In the study by Miller et al. (2018)[29], which analyzed the ESS, among other tools, including 170 individuals, with a mean age of 54.5 years and a predominance of males, similar results were described, despite the different characteristics between the samples. Among the tools evaluated, ESS was the one with the highest specificity, 88.24%, and the worst sensitivity 17.92%, therefore seemingly the least desirable for screening for OSA29. Even in studies with larger samples, ESS is referred to as an inferior instrument for screening for the disease[36]. In the study conducted by Martins et al. (2020)[34] mentioned above, which worked with a sample similar to the one in the present study, ESS also did not have good results, as it identified only 39% of individuals with the disease, a result very close to that found in the present study, 38%[33]. The authors also suggest that the assessment of sleepiness in the elderly may be less useful for tracking OSA than in adults of other age groups[34].

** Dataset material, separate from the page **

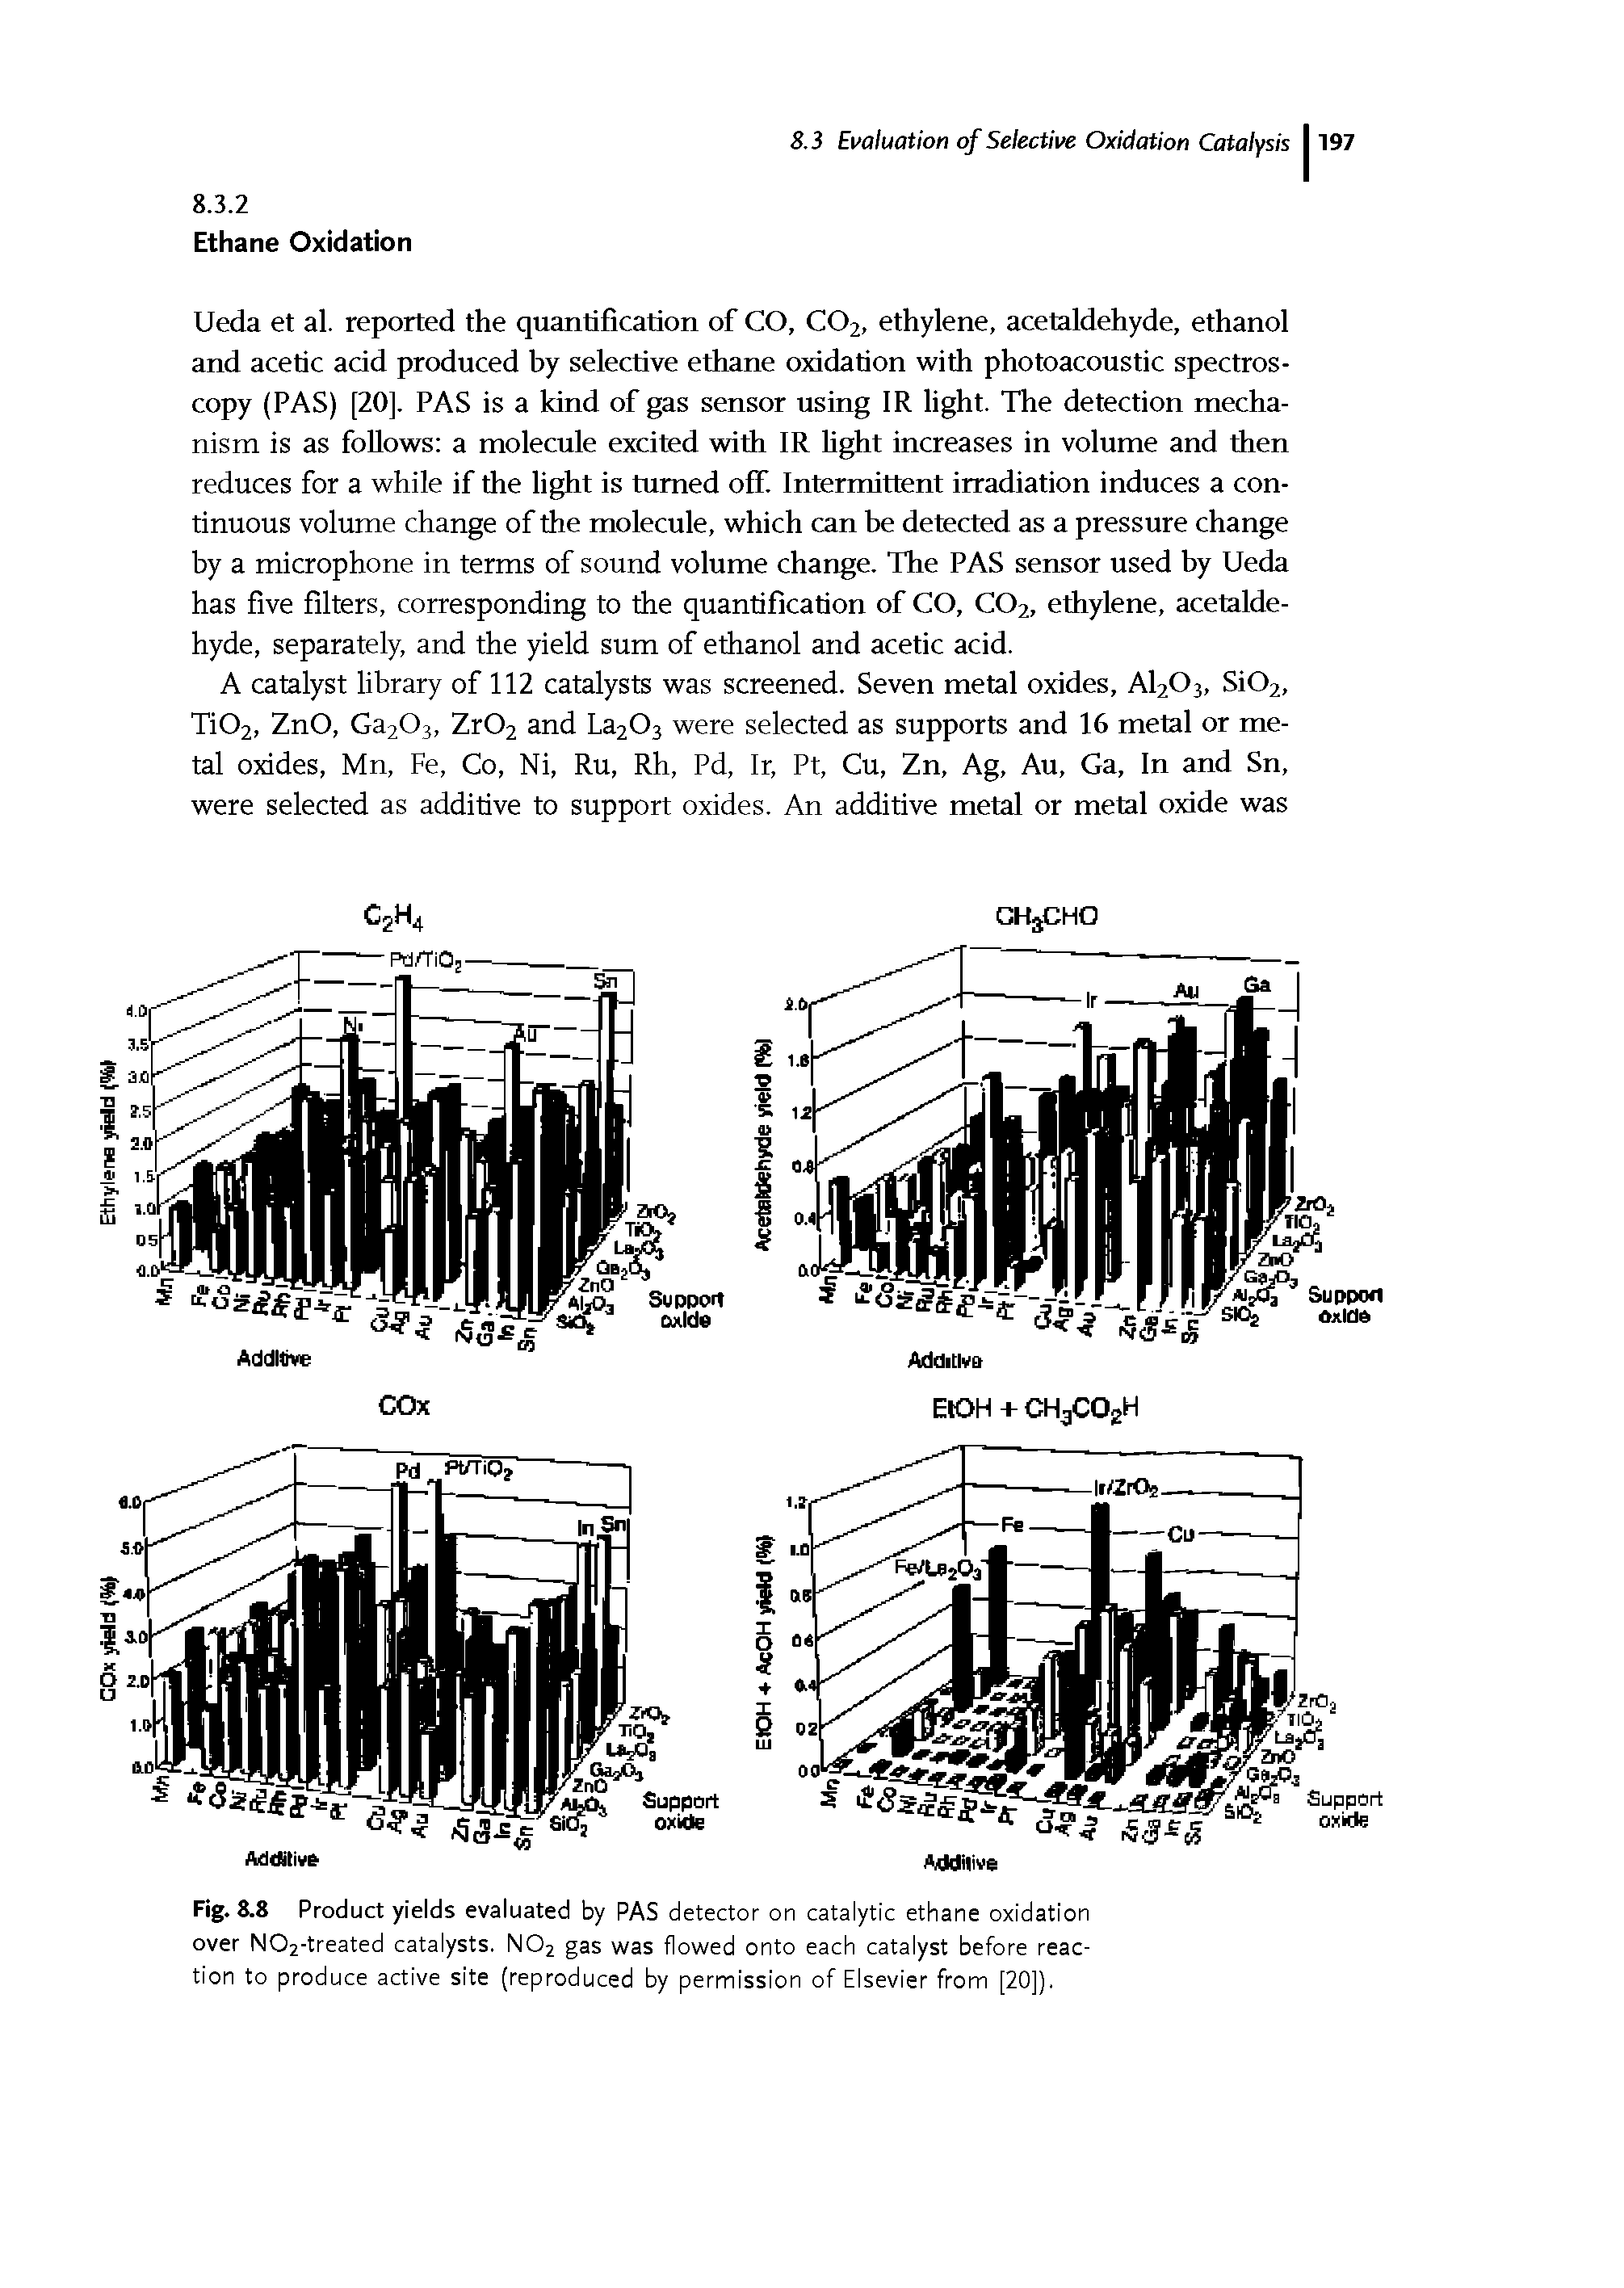 Fig. 8.8 Product yields evaluated by PAS detector on catalytic ethane oxidation over N02-treated catalysts. N02 gas was flowed onto each catalyst before reaction to produce active site (reproduced by permission of Elsevier from [20]).

It should be considered that although the evidence demonstrates that the isolated use of ESS is not ideal for screening for OSA, its combination with other tools, even using a lower cutoff point, can be useful when the objective is to increase the PPV of the instrument, as demonstrated in the study by Senaratna et al. (2019)[37].

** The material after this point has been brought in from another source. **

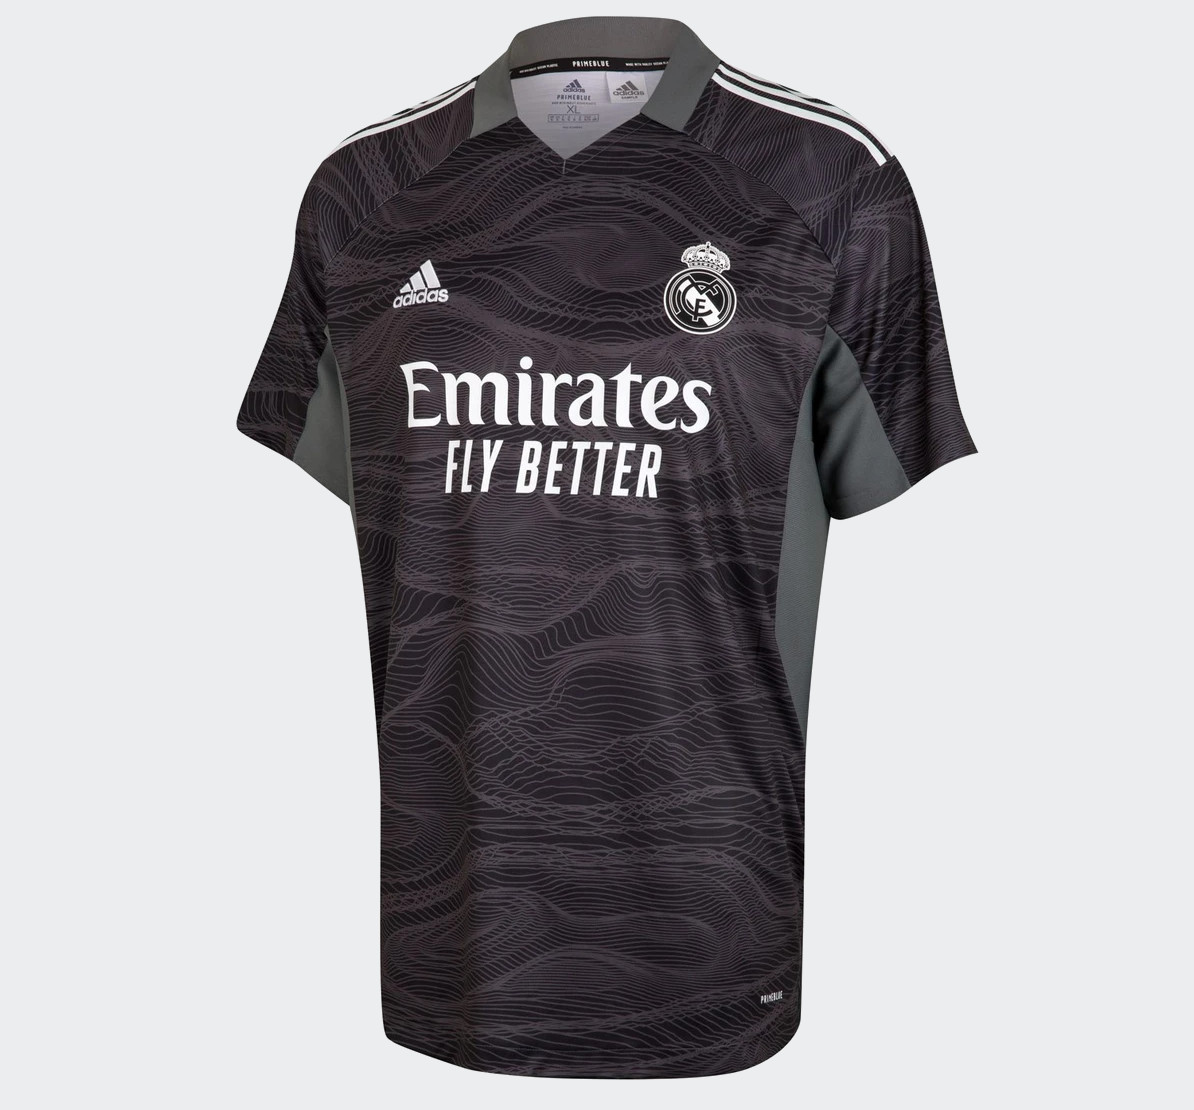 Real keepersshirt 2021-2022 - Voetbalshirts.com

With regard to the characteristics of the individuals who constituted the sample, it is important to mention the high frequency of women found in the sample and the nonassociation of OSA with previous diseases in the sample. This fact may be related to the sample size, but on the other hand, it is a characteristic of the health promotion program for the elderly, which reflects the greater demand of women in the health system and the particularity of the characteristics of individuals assisted in programs such as this one. Even the mean BMI found in the sample refers to overweight, if we consider the largest standard deviation, there is at most grade 1 obesity. The difference in BMI between the group with and without OSAS was not large, but it was greater in the group with OSA. Also as in the investigation by Sforza et al. (2011)[38], there was an association of BMI with the presence of OSA in the exploratory analysis, however, this was not confirmed in the univariate model. Perhaps the constitution of the elderly, with factors such as decreased muscle mass, greater adipose tissue and reduced height due to arching of the spine, can explain conflicting aspects of studies with the elderly that involve these measures.

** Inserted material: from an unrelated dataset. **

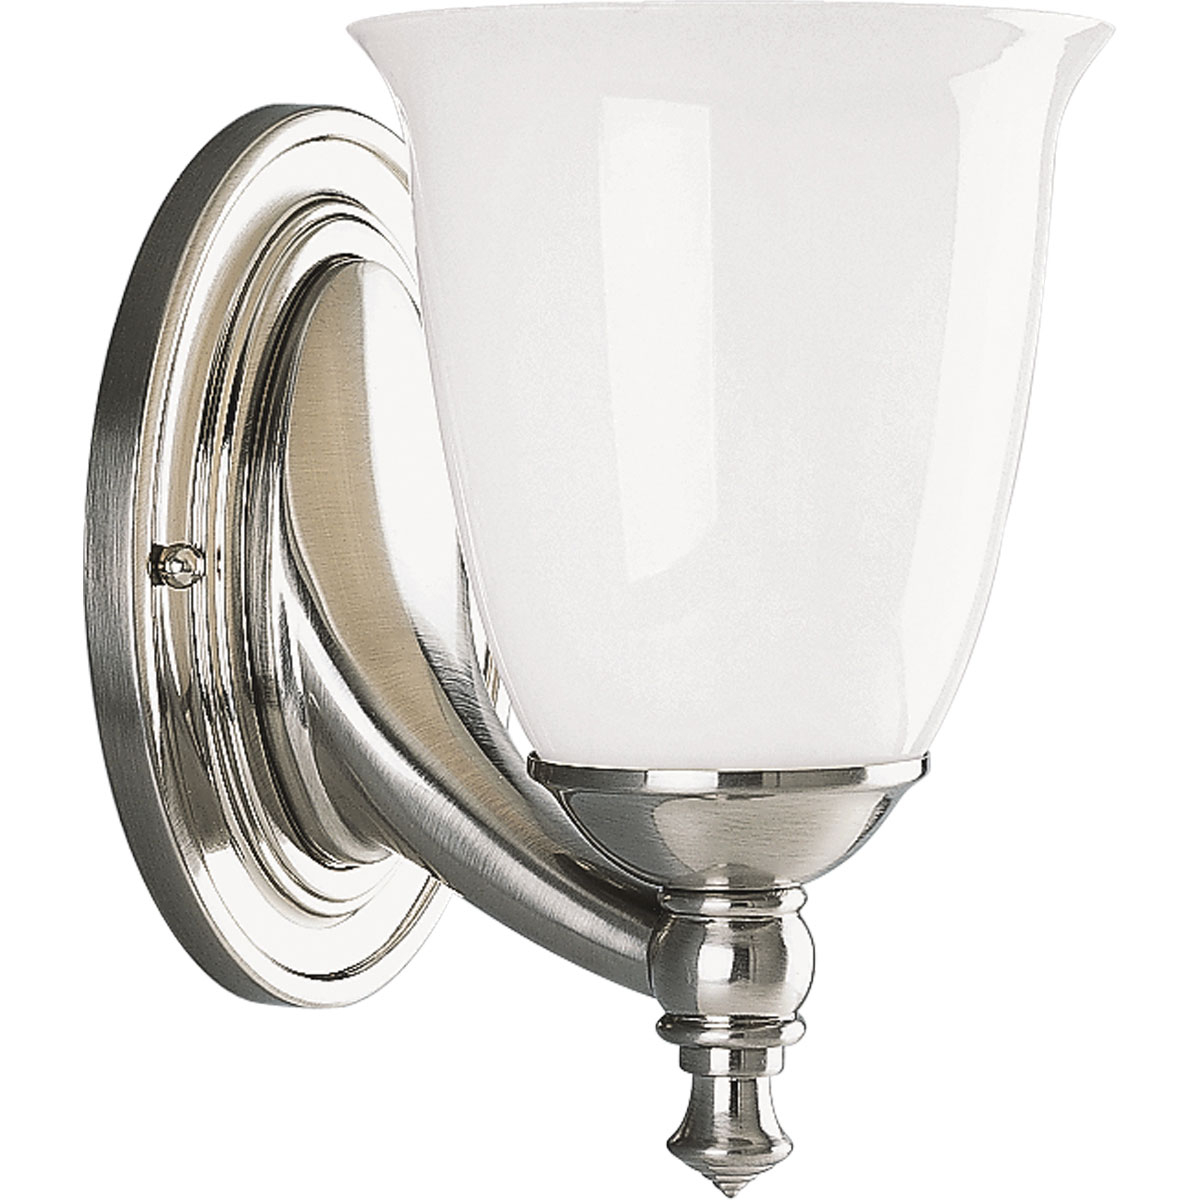 Feeling nostalgic for simpler times, The Victorian Collection helps you create a vintage look in any room. This Brushed Nickel one-light bath fixture is boldly simple with pure white, triplex opal glass shades and precise metal fittings. Coordinates with Delta Faucet fixtures to provide a whole-room decorating solution. This fixture can be installed with the glass facing up or down to suit your preference.

Finally, it is important to mention that the limitation of the present study was the small sample size. However, it should be considered that this is a retrospective study, whose sample of patients came from a health promotion program for the elderly and not from a specific outpatient clinic for the investigation of sleep disorders. It emphasizes the inclusion criteria in the study, in which elderly patients should have completed all the questionnaires involved in the investigation and performed the PSG in a sleep laboratory, type 1.

CONCLUSION

Despite the small sample of patients, the study suggests the importance of screening elderly individuals for OAS, even if they come from a prevention or health promotion program, and shows the performance of the instruments most commonly used for this type of screening, in these individuals, although future investigations will be carried out with a larger sample.

In conclusion, among the tools evaluated, the BQ showed the best results in measures, specificity, predictive values and LR in identifying OSA in a sample of individuals over 60 years of age, with a predominance of females and a high prevalence of the disease. The STOP-Bang questionnaire showed intermediate performance and ESS the worst results.